Rolands Freimanis (born January 21, 1988) is a Latvian professional basketball player for Trefl Sopot of the Polish Basketball League. He plays at the power forward and center positions.

Professional career
Born in Gulbene, Latvia, Freimanis started his career with ASK Rīga where he played until 2008. For the 2008–09 season he went to BK VEF Rīga. After one season there his contract was bought-out by CB Sevilla as he spent next season playing for their farm-club Qalat Cajasol. Following two years from 2010 till 2012 he played in LEB Gold league with short stint in Spanish ACB League with Lagun Aro GBC.

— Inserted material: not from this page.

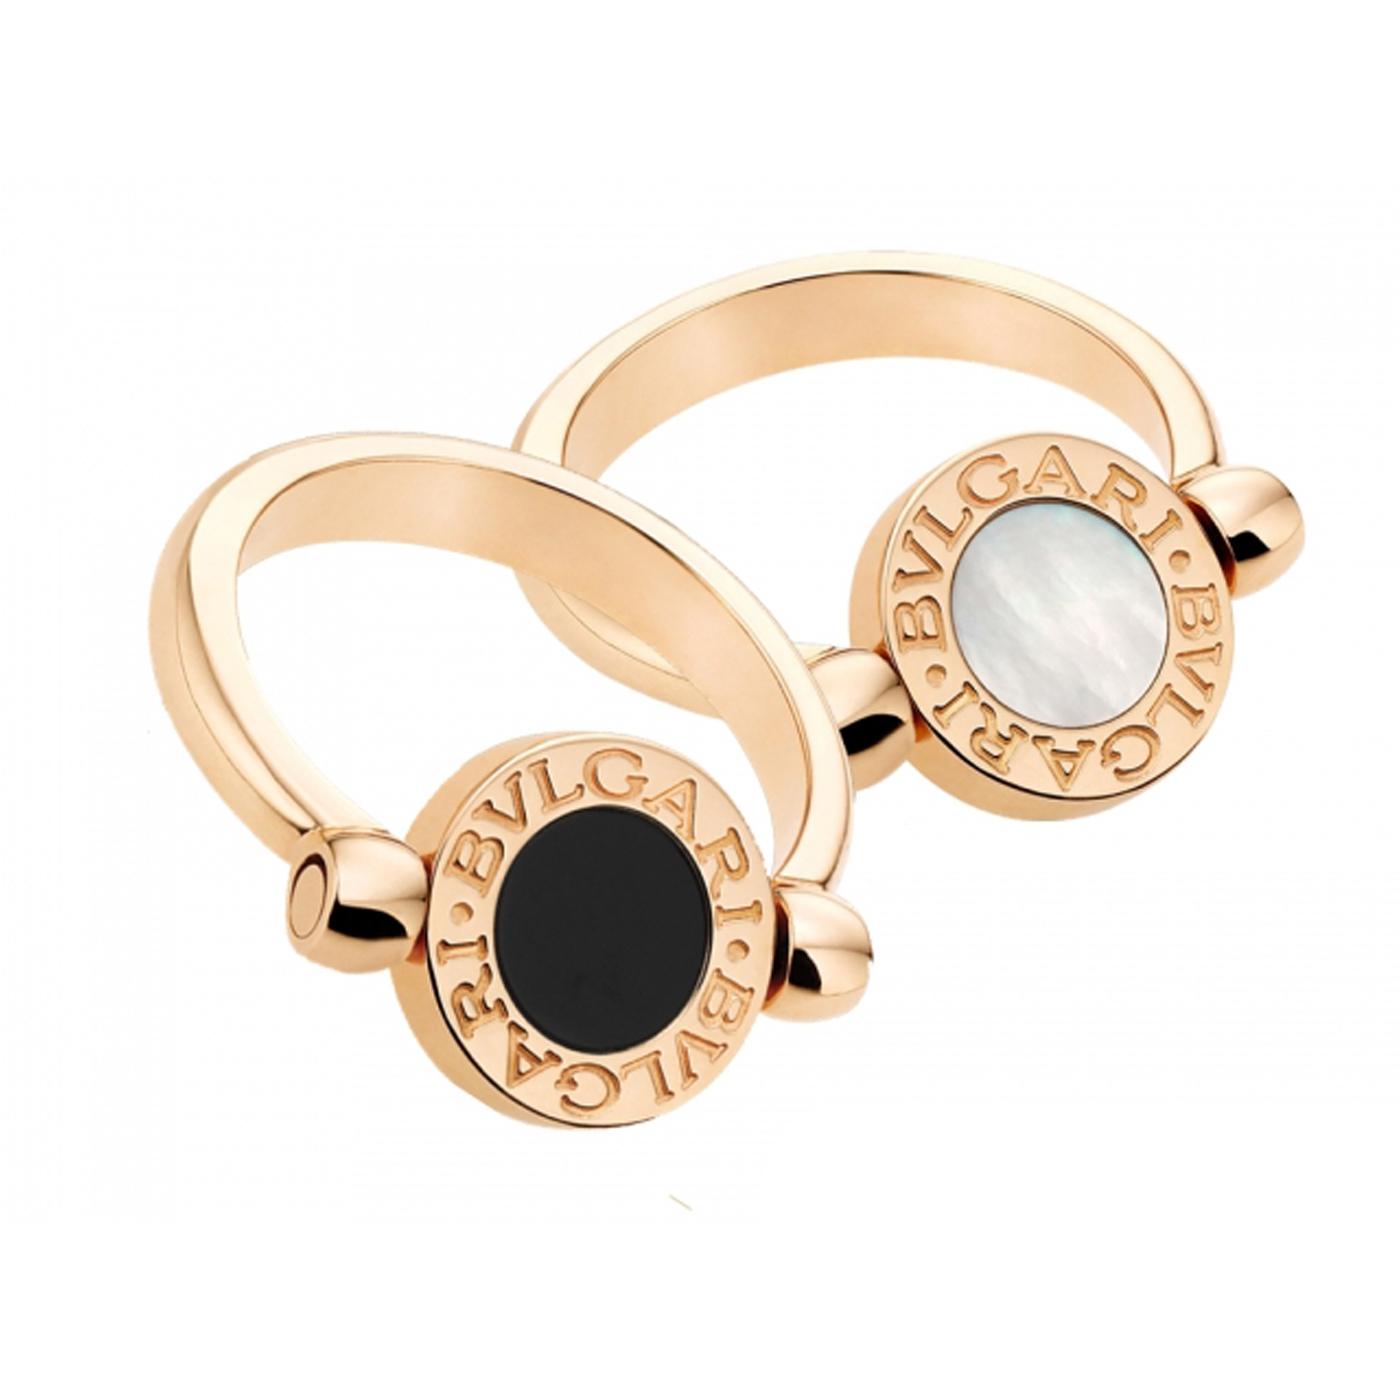 Bvlgari Jewelry Logo - Bvlgari Bvlgari 18K Rose Gold Flip Ring with Mother of Pearl and ...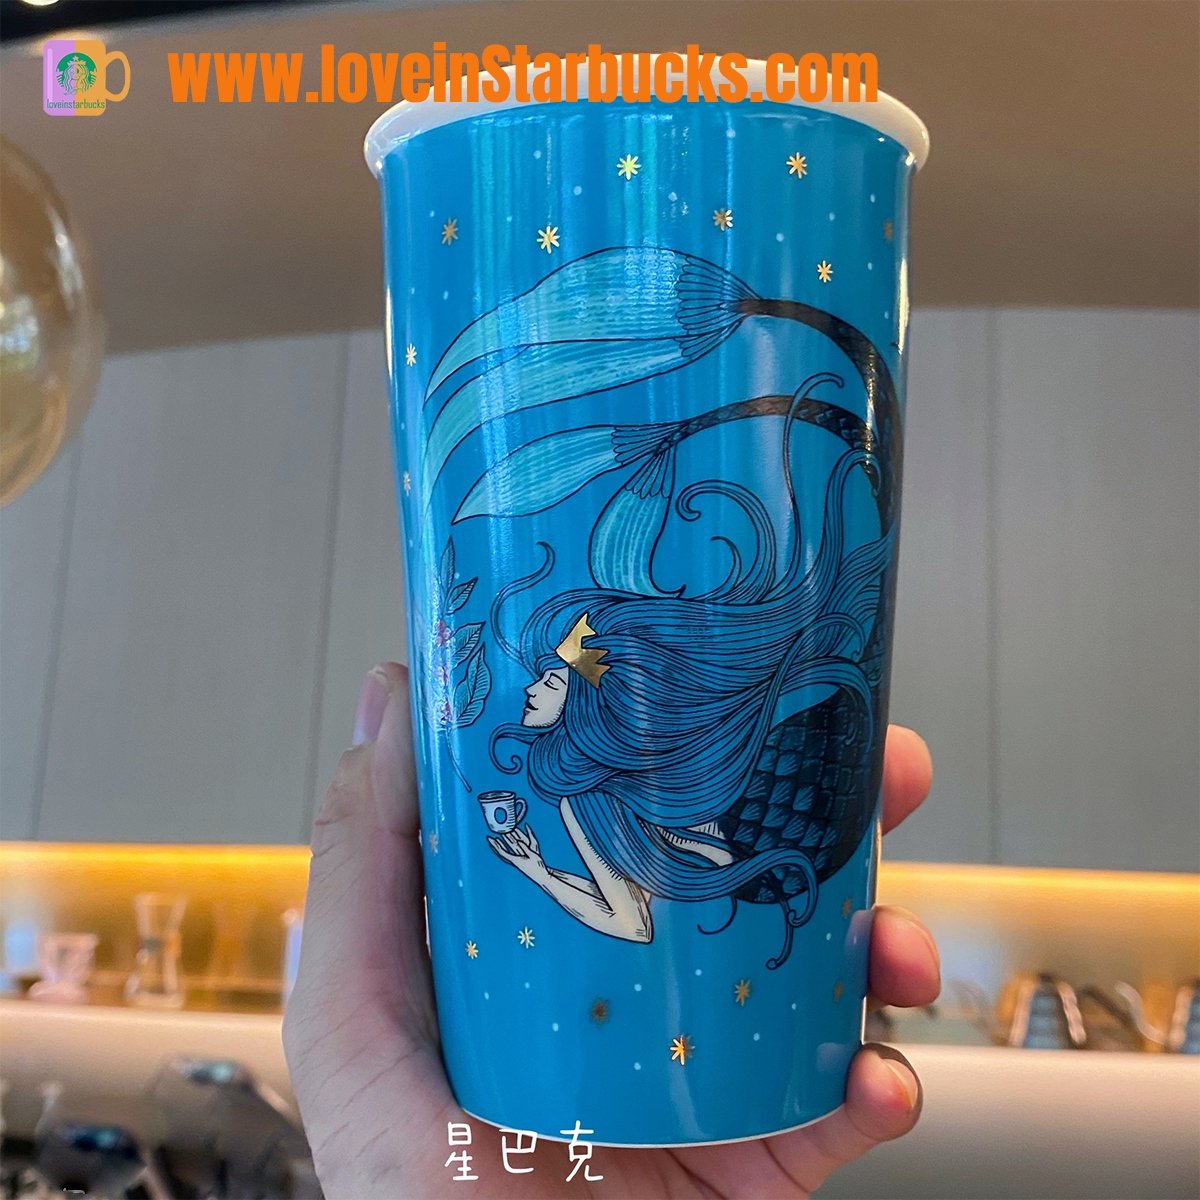 Bodum Starbucks Mermaid double wall glasses mug cup w/ handle & lid14 oz

Before the 2012–13 season, Freimanis joined Sutor Montegranaro of the Lega Basket Serie A. On September 1, 2013, he signed with Ukrainian team Khimik. He had strong season with Khimik that included making Eurocup quarterfinals for the first time in club history as well as reaching Ukrainian League finals. Also, Freimanis showed loyalty to his club as he stayed with team despite difficult political situation in Ukraine.

On August 26, 2014, right after completing summer with Latvian National Team Freimanis joined pre-season training camp of Spanish team Baskonia. On October 30, 2014, Freimanis signed with Estonian champion BC Kalev/Cramo. Freimanis played great basketball for Kalev/Cramo, averaging 18.9 points and 6.4 rebounds in the VTB United League when his contract was bought-out by Russian powerhouse UNICS Kazan. On January 23, 2015, he officially signed with UNICS Kazan. Next season he went back to Estonia, signing with Kalev/Cramo. At the end of the season he became Estonian champion and was named Finals MVP.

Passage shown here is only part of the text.